По ее виду было абсолютно понятно, что она вовсе не собирается предоставлять еще какую-нибудь дополнительную информацию в данной связи, и Конраду Симонсену пришлось вновь напомнить ей о договоре:

– Недостаточно, что ты просто снизошла до разговора со мной. Мне нужно, чтобы ты была со мной полностью откровенна. Спрошу еще раз: тебе у них не нравилось?

Он сделал рукой жест, как бы приглашая собеседницу развить свою мысль, и это помогло.

– Нет, совсем не нравилось. Жуткое это было семейство, насквозь прогнившее и смердящее. Сам Альф Фалькенборг был настоящей задницей, а его жена… сейчас даже не вспомню, как звали эту стерву…

– Элизабет Фалькенборг.

– Ах, ну да, конечно. Эта забитая старая ведьма вечно таскалась за мной по пятам, стараясь найти, к чему бы придраться, а маленький говнюк Андреас постоянно напрашивался на неприятности, за что и получал изрядную трепку не реже, чем пару раз в неделю.

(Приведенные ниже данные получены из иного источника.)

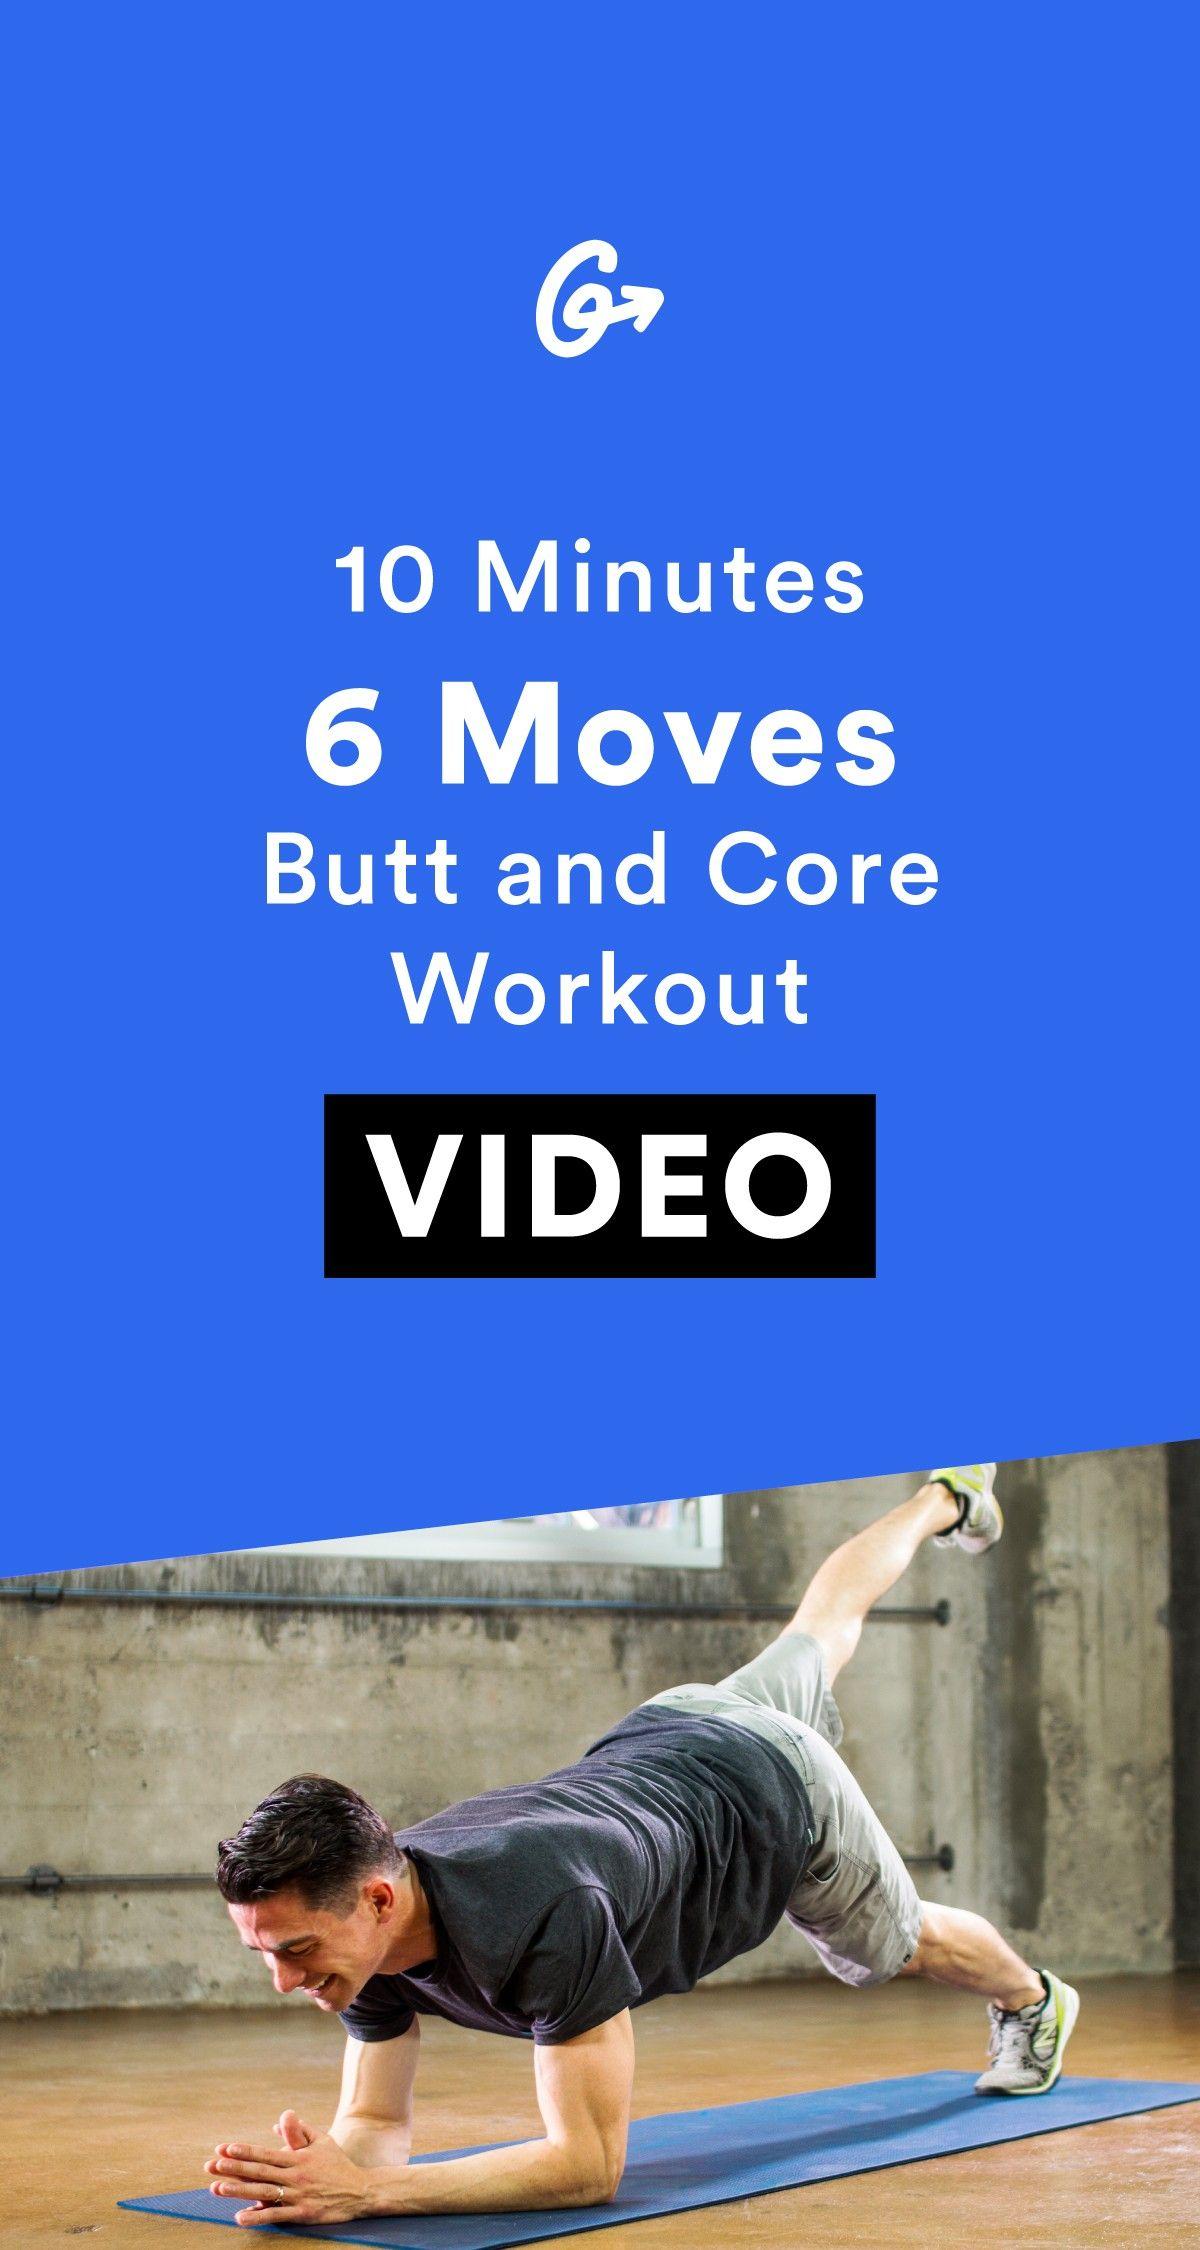 Everyone's got 10 minutes. #greatist https://greatist.com/move

– Да уж, ничего не скажешь, хорошая семейка!

– Клянусь, каждое мое слово – это правда. Самое поганое, что этим долбаным мещанам было совершенно наплевать на всех и вся вокруг, в том числе и друг на друга. – Может, будешь изъясняться чуть менее изысканно?

– Какого дьявола, о чем это ты?

– Прекрати выражаться.

– Неужто это тебя так смутило?

Конрад Симонсен не стал ей объяснять, что в определенных инстанциях обилие в свидетельских показаниях слишком сильных выражений может поставить под сомнение их убедительность, а также отвлечь внимание от главного – содержащейся в них информации. Не одно судебное заседание минуло с тех пор, как он окончательно утратил веру в существование стены, отделяющей форму от содержания. Может, госпожа Юстиция и была слепа, однако слышала-то она прекрасно, и рано или поздно настанет момент, когда выдержки из записи этого допроса попадут в руки адвоката Андреаса Фалькенборга. Вместо всего этого он ограничился лаконичным:

– Да.

– Ладно, постараюсь.

– Спасибо, это было бы замечательно. Но слушай, если тебя не устраивали условия, почему ты с самого начала не взяла расчет? Или попросту не ушла? Как бы они смогли тебе помешать?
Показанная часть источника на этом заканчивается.